3. What book(s), paper(s), or project(s) influenced how you think about the relationship between platforms and the communities who use them?
“The Art of Community” by Charles Vogl - which was recommended to me when I started working on technology to support communities. While the book is not specific to online communities, I love the way it breaks down what defines a community and what healthy communities need to succeed.
This book and my work in communities caused me to think of communities as a form of collective personality, with every member who joins or leaves that community changing the personality a little, and you can and should expect communities to evolve over time. We can’t freeze them in place even if we wanted to. So, successful communities are ones that invest in themselves and are able to adapt to change.
4. What are you working on right now that you are most excited about?
I’m excited about the use of emerging AI capabilities to create a safer world. So much of the work of safety teams involves understanding context, and telling the difference between innocuous or harmful behavior. Large web platforms of the past decade excelled at scale but struggled with nuance; however, the ability of frontier models to reason and understand multi-modal content provides a step change in capabilities, which teams focused on safety can use to further our work.
5. If you could get everyone in this space to pay attention to one under-appreciated problem or opportunity, what would it be?
The platforms that power the modern web give developers incredible reach. You can easily create a new product that can reach tens or hundreds of millions of people in weeks.
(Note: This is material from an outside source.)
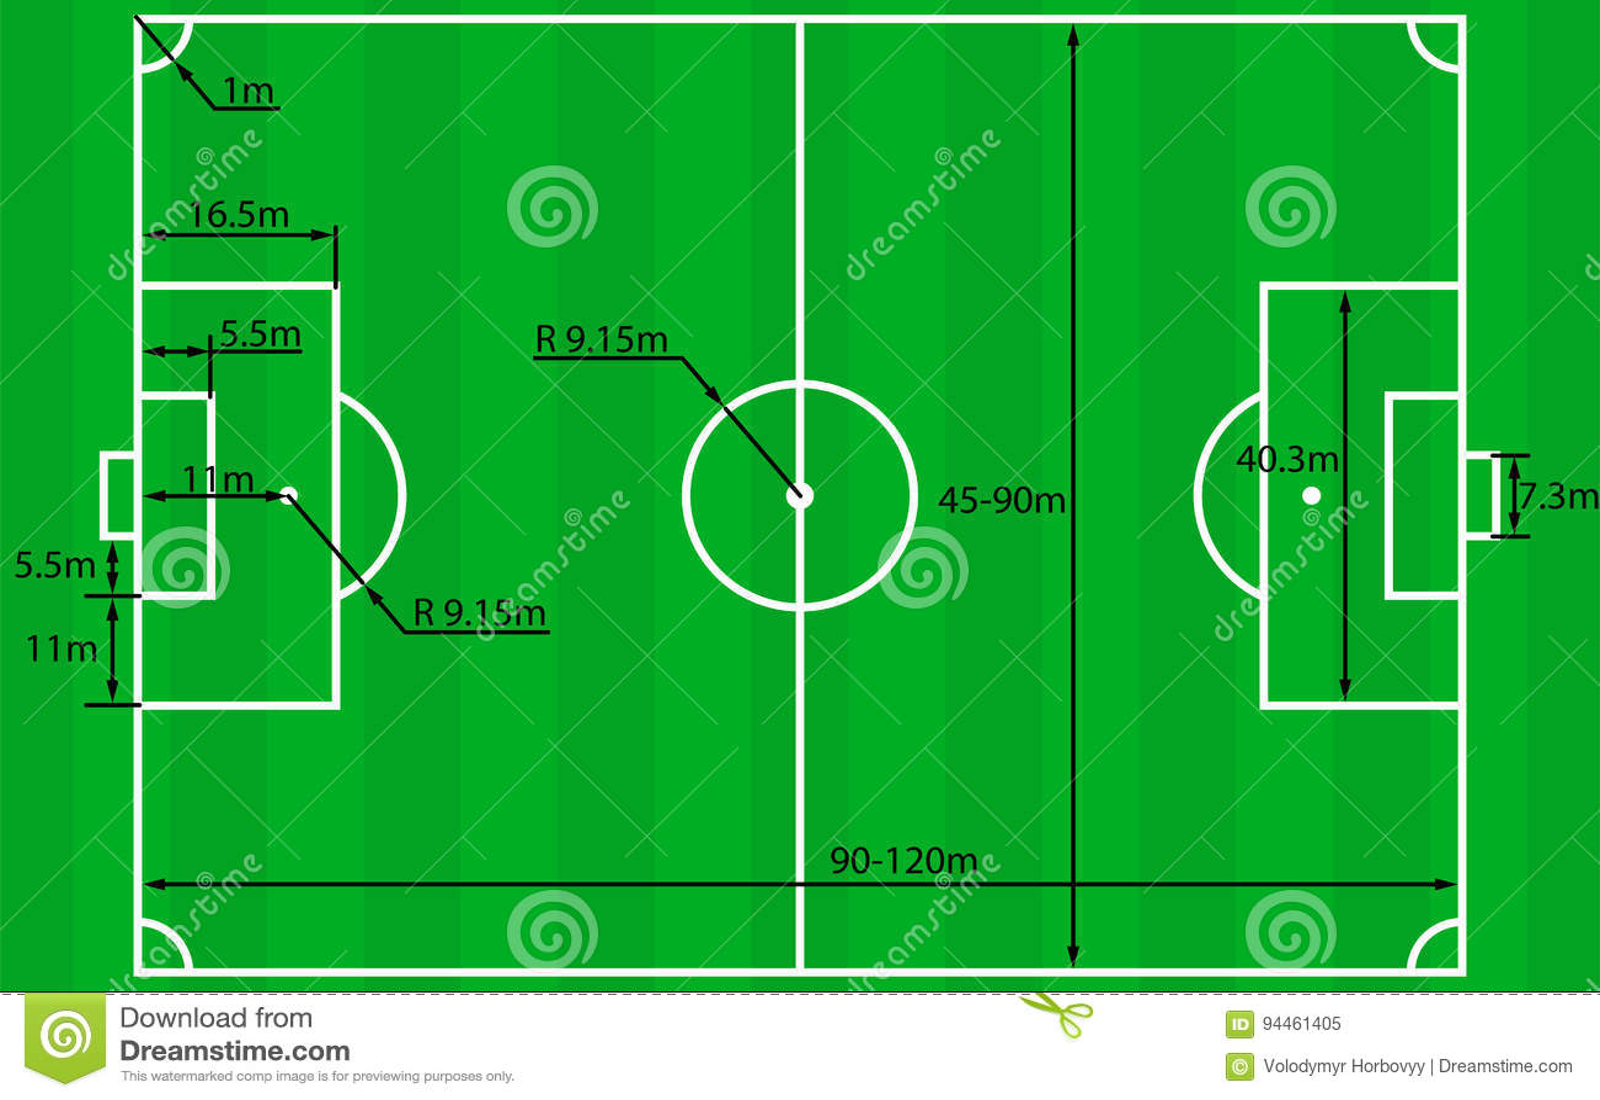 vecteur de plan de terrain de football illustration de vecteur illustration du football. Black Bedroom Furniture Sets. Home Design Ideas

This cuts both ways: by allowing us to scale ideas and businesses faster than ever, but if those same ideas have inherent safety risks, you scale them too.
For those developing new products, we keep in mind possible failure scenarios, and not just test the “happy path” to success. For platform providers, we need to make safety inherent in the design of the platform.
To take a real-world analogy: when you build a new car, you crash test it as part of the process, because it is easier to make the design safer before scaling manufacturing. This safety by design approach is what we should strive for in online platforms as well.